By the beginning of the 1960s, all these brigades were either disbanded or reduced to the level of regiments. In 1960 the 19th Guards Cannon Artillery Brigade was withdrawn from the division and transferred to the Strategic Rocket Forces. In November 1960 in Vypolzovo in Tver Oblast, on the basis of the brigade, the 7th Rocket Engineering Brigade was formed, Military Unit Number 14245. The 7th Guards Rocket Engineering Brigade later became the 7th Guards Rocket Division.

The composition of the division for 1970:
- 457th Guards Howitzer Artillery Regiment (Pushkin, Leningrad Oblast) - former 5th Guards Howitzer Artillery Brigade
- 458th Guards Cannon Artillery Regiment (Pavlovsk, Leningrad Oblast) - former 6th Guards Heavy Howitzer Artillery Brigade
- 463rd Guards Howitzer Artillery Regiment (Pushkin, Leningrad Oblast) - former 45th Guards Heavy Mortar Brigade
- Reconnaissance Artillery Battalion (Pushkin, Leningrad Oblast)

In 1971, the 463rd Guards Howitzer Artillery Regiment was reorganized into the 463rd Guards Rocket Artillery Regiment.
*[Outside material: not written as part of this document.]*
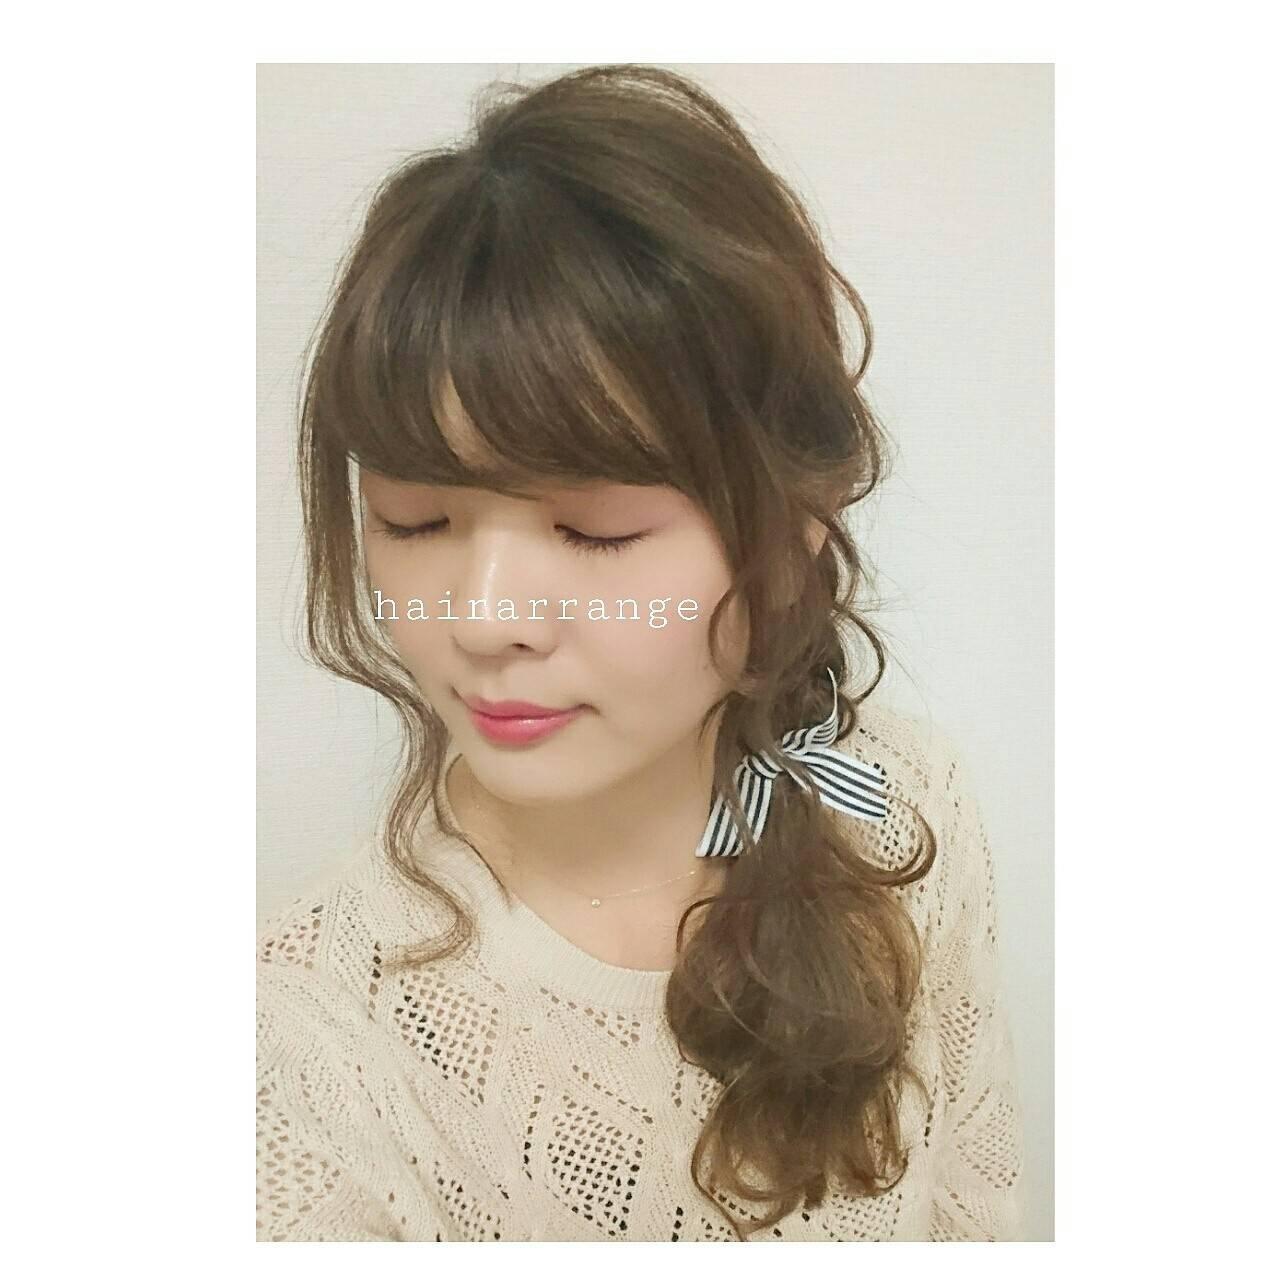 シニヨン ナチュラル セルフヘアアレンジ ヘアアレンジヘアスタイルや髪型の写真・画像

In 1974, the division included the 315th and 316th (formed from the 20th Guards Cannon Artillery Brigade) Guards Heavy Howitzer Artillery Regiments, and in 1976, the 258th Anti-tank Artillery Regiment. In 1989, the 315th Guards Heavy Howitzer Artillery Regiment was deployed into the 287th Guards Heavy Howitzer Artillery Brigade, and the reconnaissance artillery regiment was disbanded. In 1991, the 316th Guards Heavy Howitzer Artillery Regiment was reorganised into the 285th Guards Heavy Howitzer Artillery Brigade, and the 458th Guards Cannon Artillery Regiment into the 268th Guards Cannon Artillery Brigade.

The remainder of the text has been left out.